Gorontalo — Tokoh muda Gorontalo yang juga mantan Ketua Umum PB HPMIG, Nanda Poha, mendorong penguatan komunikasi dan koordinasi antar pemimpin daerah di Gorontalo seiring munculnya sejumlah dinamika hubungan kerja di beberapa tingkatan pemerintahan. Dinamika tersebut terlihat di Kabupaten Bone Bolango, dalam hubungan antara Pemerintah Provinsi dan Pemerintah Kota Gorontalo, serta pada relasi antara Gubernur dan Wakil Gubernur.

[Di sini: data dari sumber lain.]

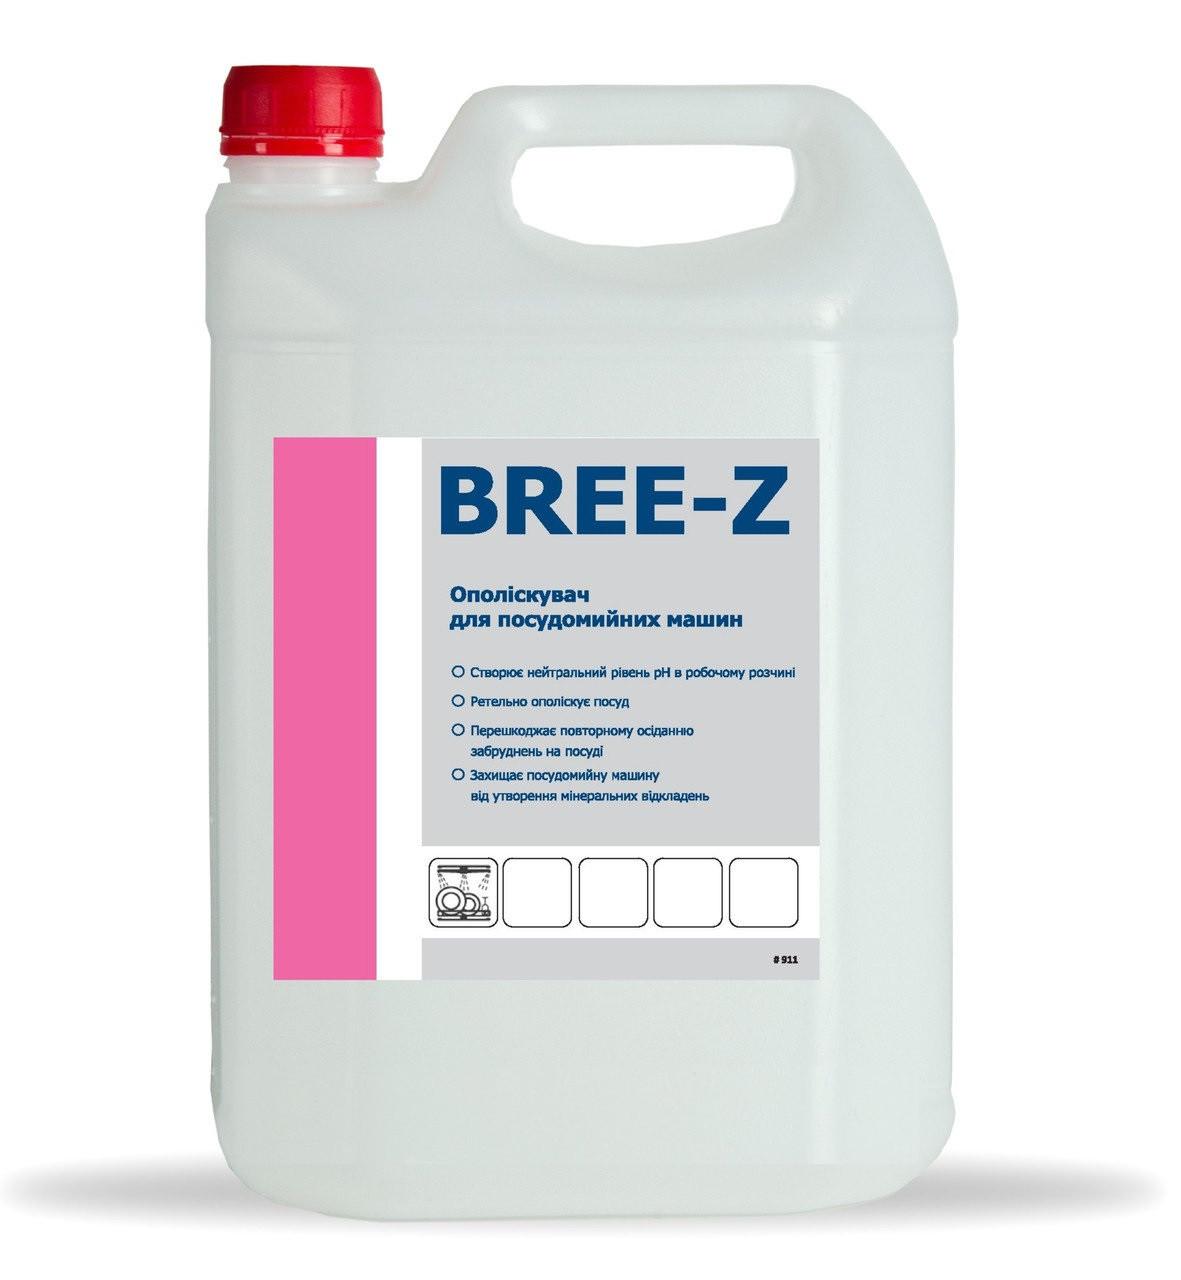 Ополаскиватель для посудомойки Bree-Z (5,5кг)
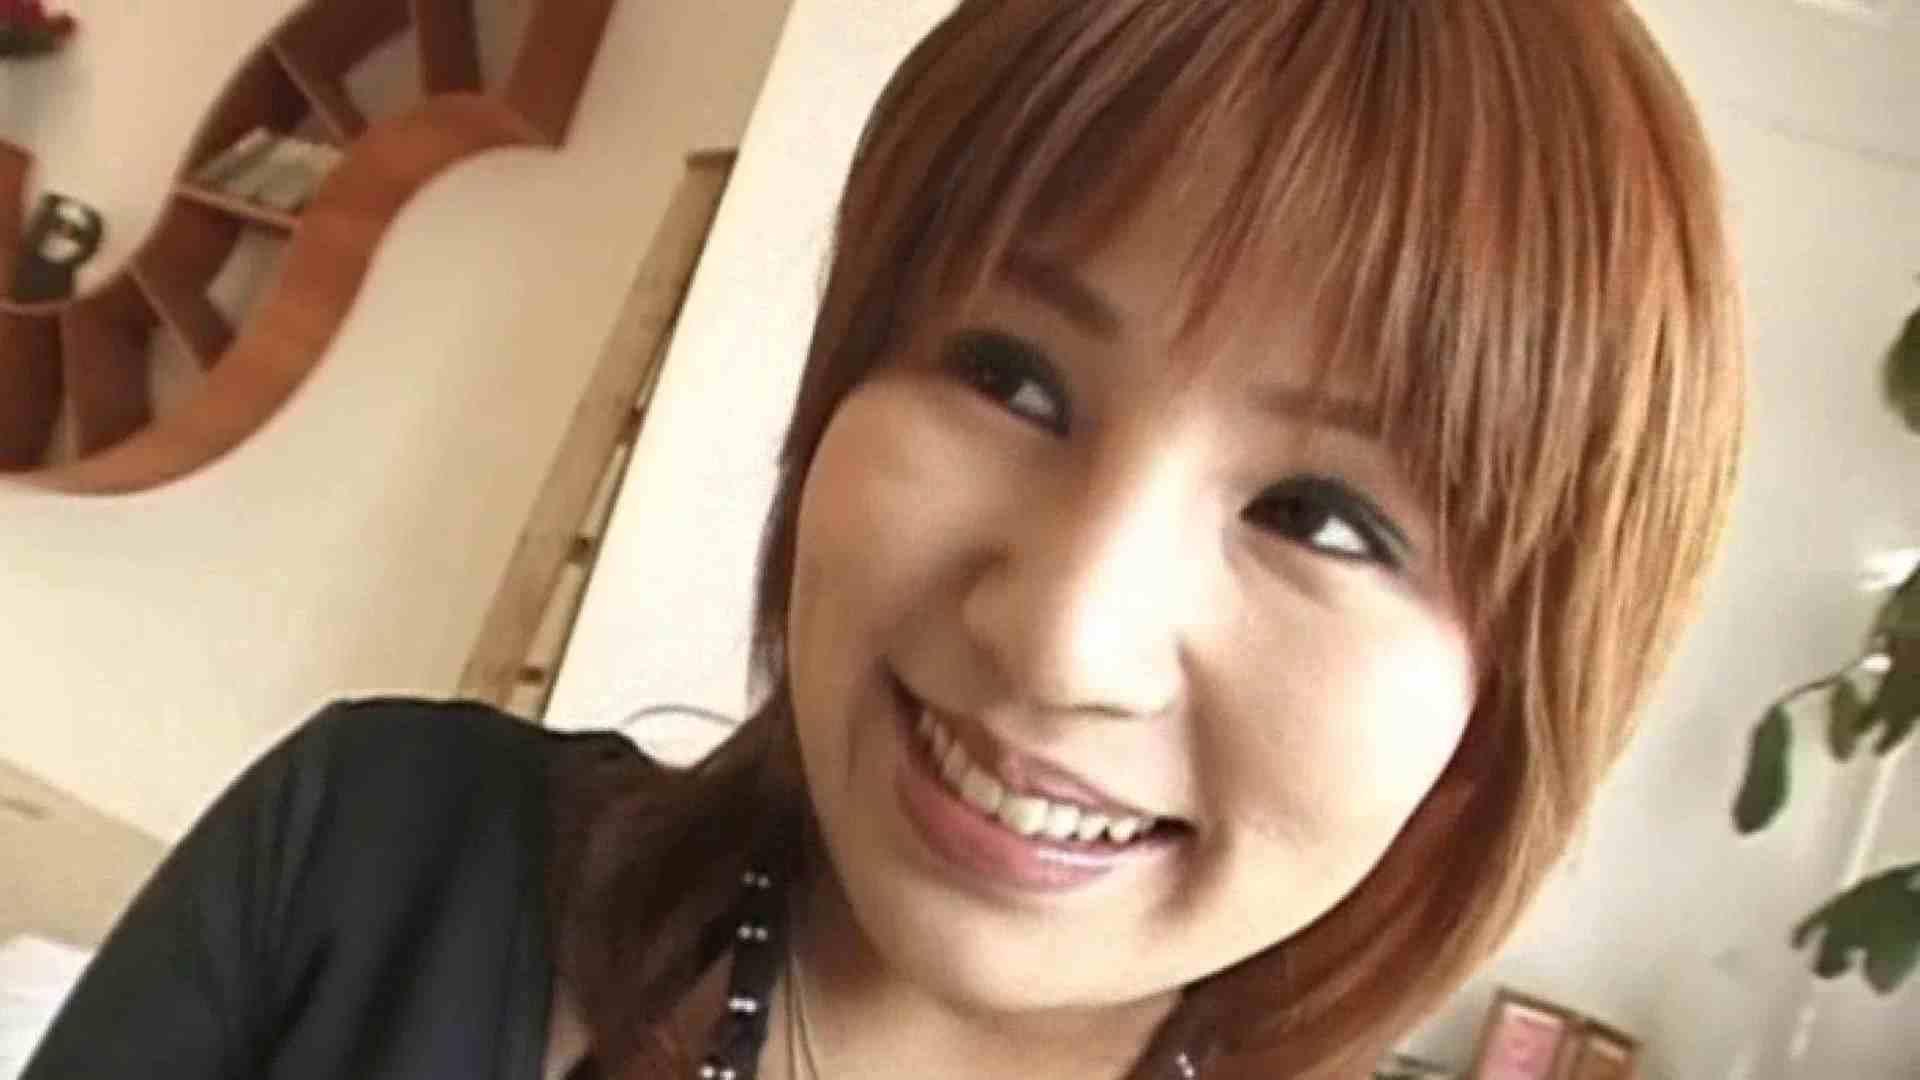 S級厳選美女ビッチガールVol.16 淫乱 すけべAV動画紹介 96pic 3

Nanda, lulusan S1 Ilmu Komunikasi Universitas Pasundan yang kini menempuh pendidikan S2 Komunikasi Politik di Universitas Paramadina, menilai bahwa dinamika hubungan antar pemimpin merupakan hal yang wajar dalam sistem politik. Namun ia menekankan pentingnya menjaga alur komunikasi agar setiap perbedaan tidak berkembang menjadi mispersepsi publik.
“Di beberapa daerah, termasuk di Gorontalo, masyarakat sempat mencermati adanya perbedaan ritme komunikasi antar unsur pimpinan. Situasi seperti ini memerlukan ruang dialog yang lebih rutin,” ujar Nanda, Rabu (19/11).
Ia menyebut bahwa hubungan Gubernur dan Wakil Gubernur juga menjadi perhatian publik. Menurut Nanda, muncul persepsi tentang adanya perbedaan pandangan untuk menciptakan jarak antara keduanya. Ia menilai hal itu tidak harus dipandang sebagai ketegangan, tetapi sebagai sinyal perlunya komunikasi yang lebih intensif.
“Setiap pasangan kepala daerah bisa saja memiliki perbedaan pandangan teknis. Tantangannya adalah memastikan tidak ada ruang bagi pihak luar untuk menafsirkan perbedaan itu sebagai ketidaksinkronan,” kata Nanda.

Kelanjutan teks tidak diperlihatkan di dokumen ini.